From the line that contains "新品 | Denon新款黑胶唱片播放机,让高品质音乐回放变得如此简单" to the last line of the data below, transcribe every line exactly. Do not include the pictures.

*** Information provided Section Begins ***

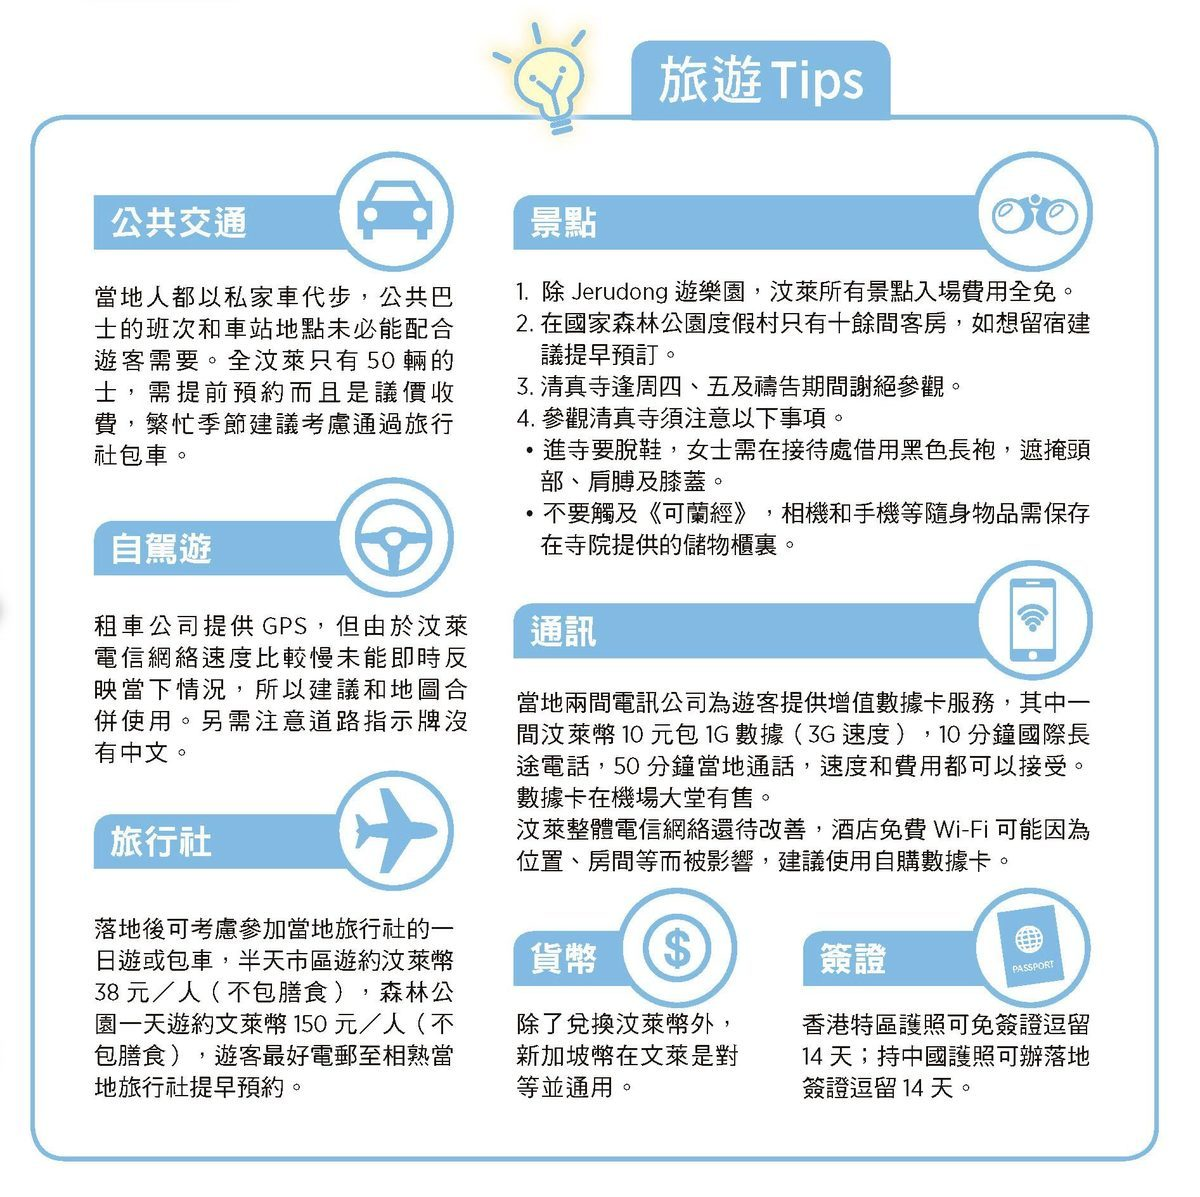 旅游Tips(大紀元資料圖片)
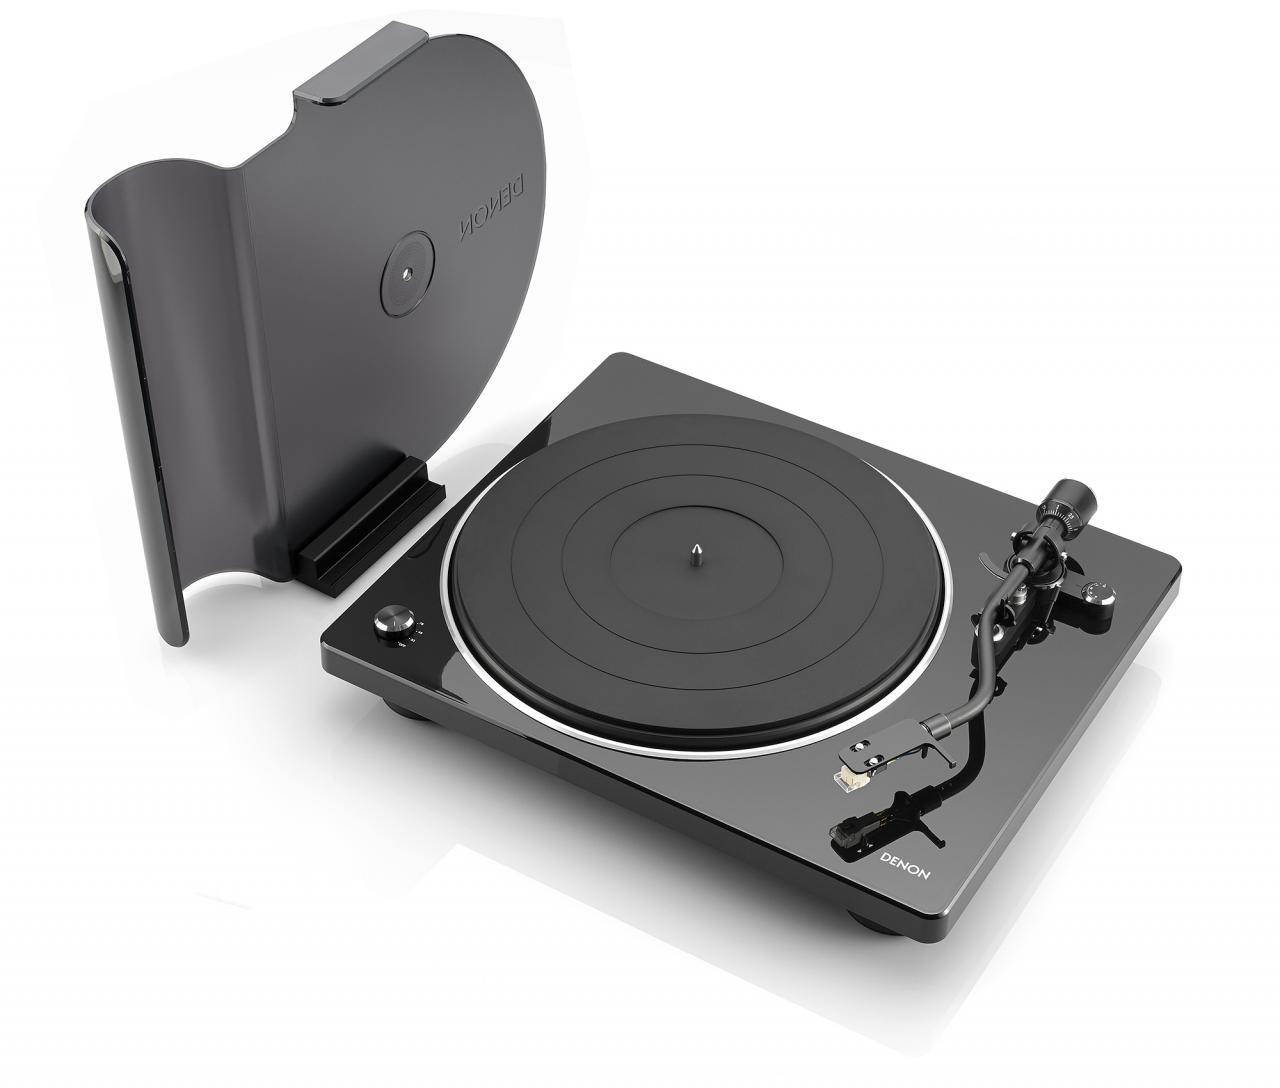 新品 | Denon新款黑胶唱片播放机,让高品质音乐回放变得如此简单
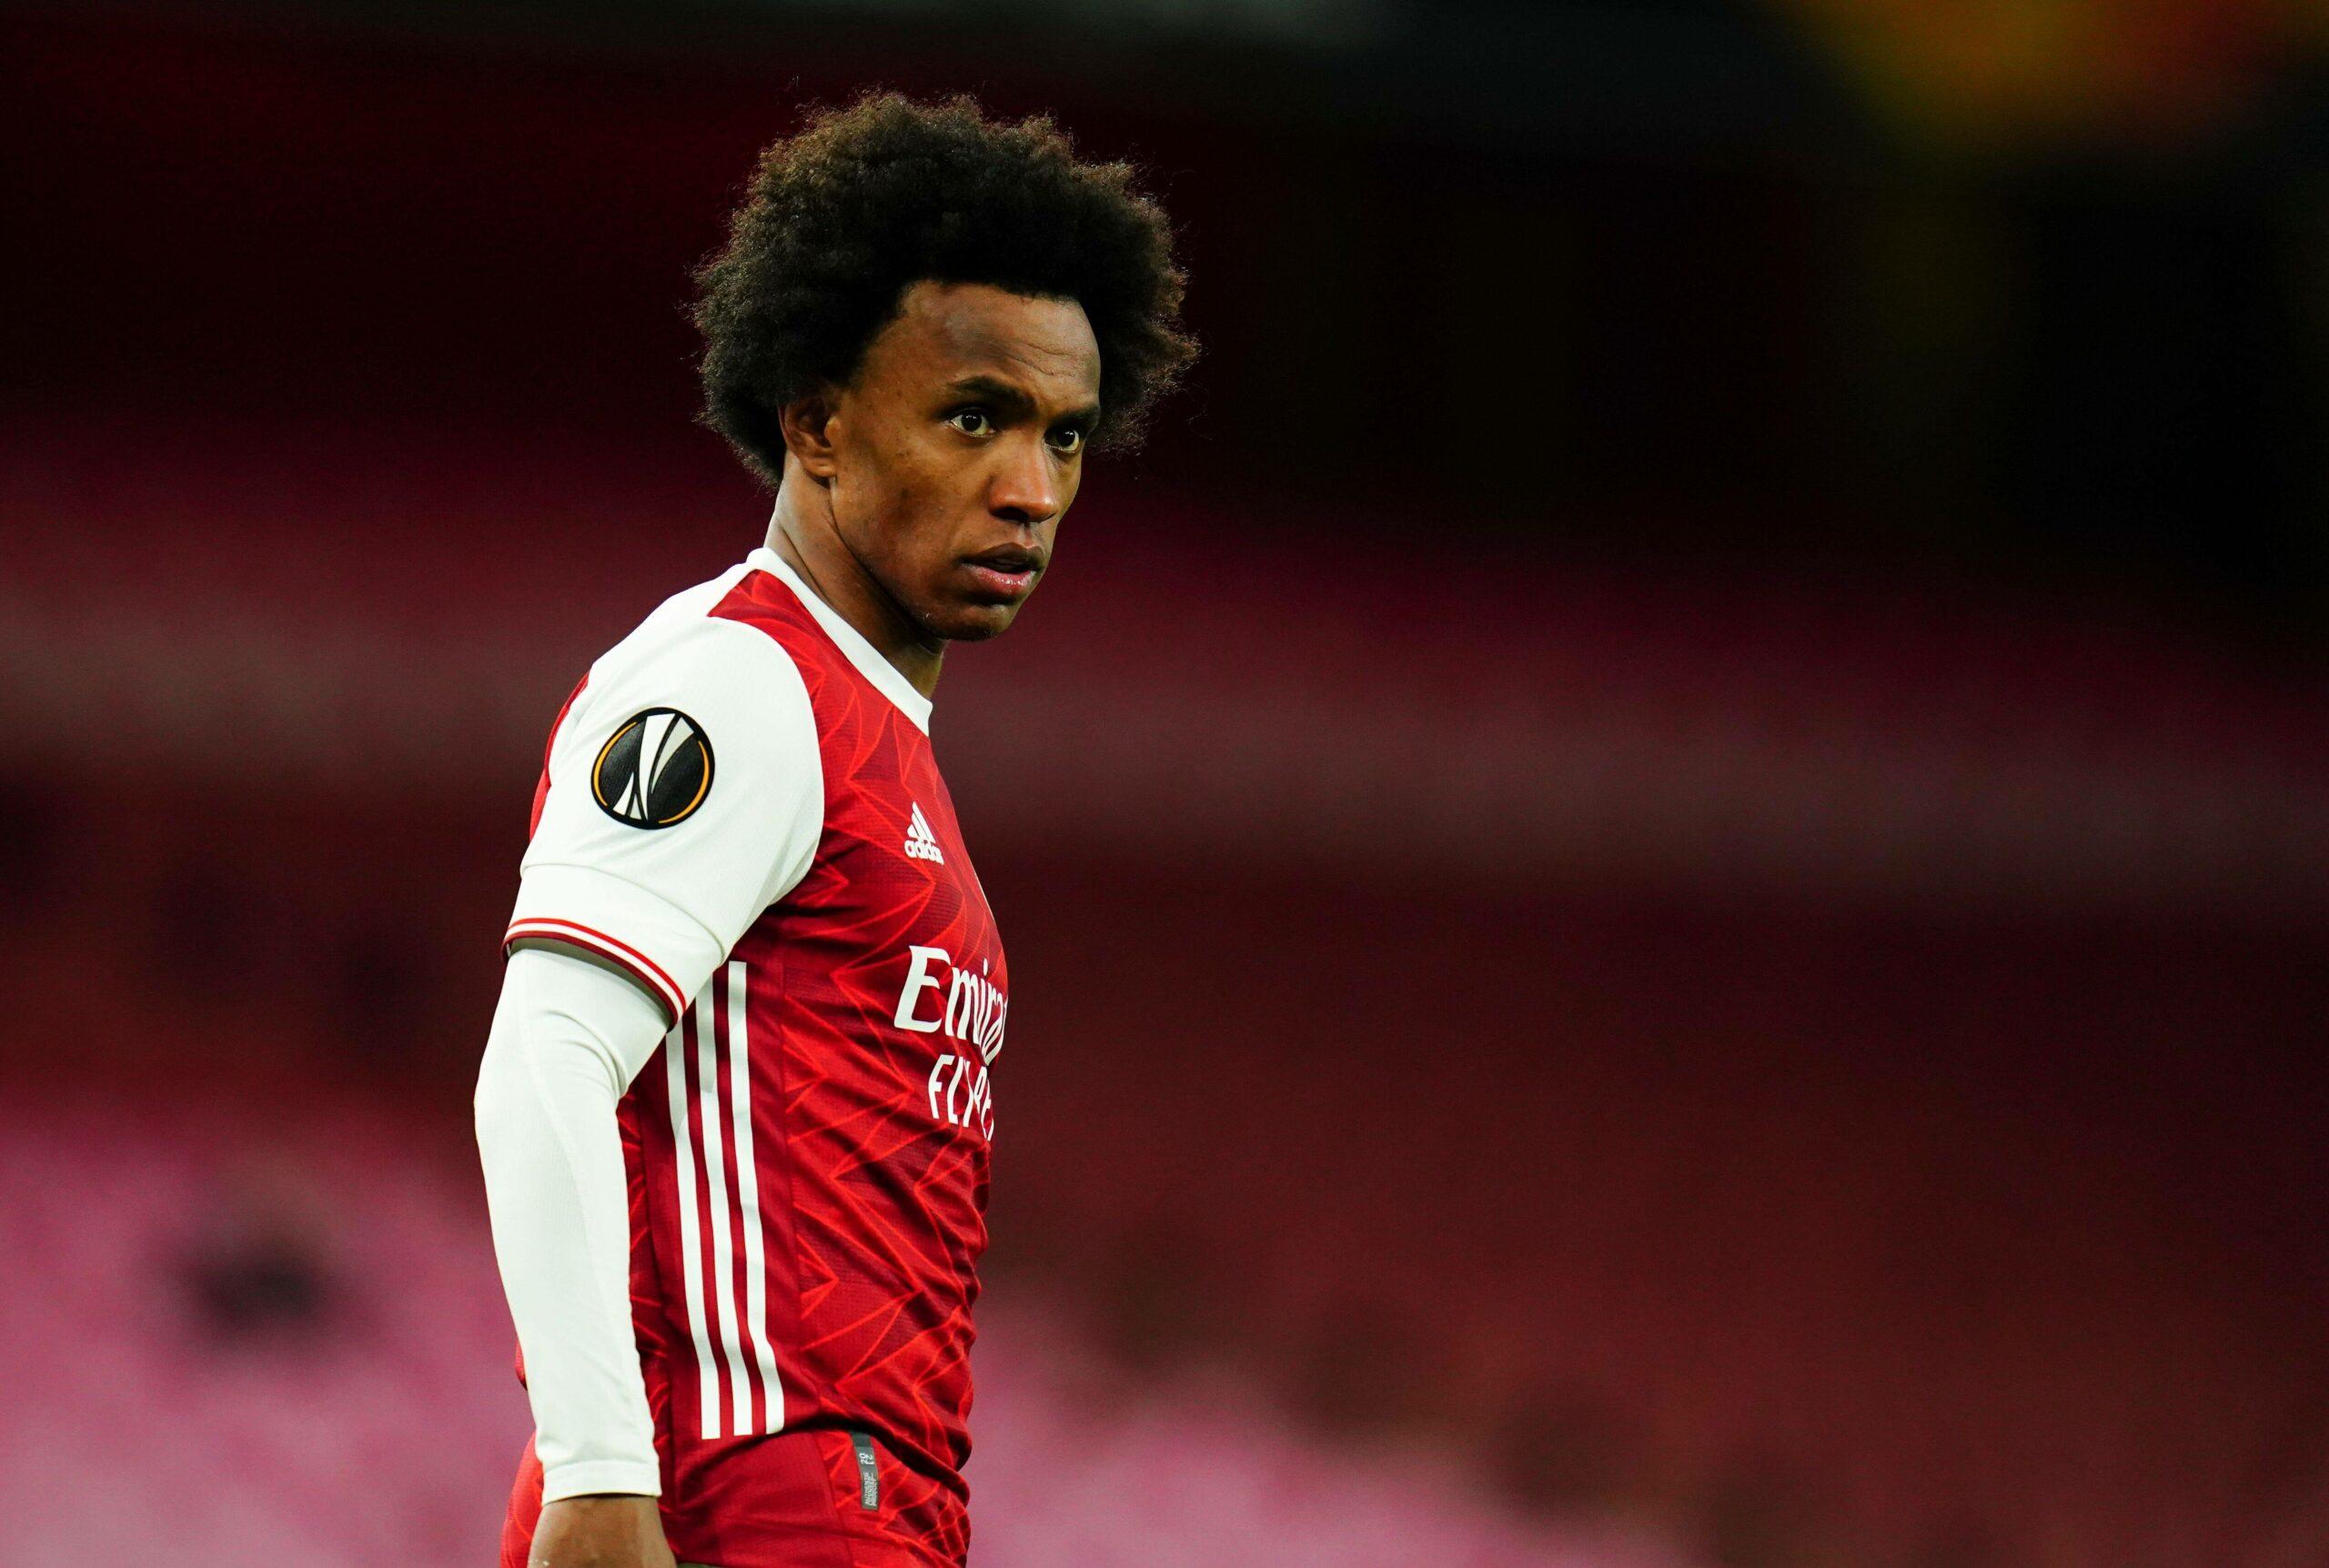 Willian wechselte erst im Sommer 2020 von Chelsea zu Arsenal

*** Information provided Section Ends ***

## Solution to the exercise
 新品 | Denon新款黑胶唱片播放机,让高品质音乐回放变得如此简单
 Willian wechselte erst im Sommer 2020 von Chelsea zu Arsenal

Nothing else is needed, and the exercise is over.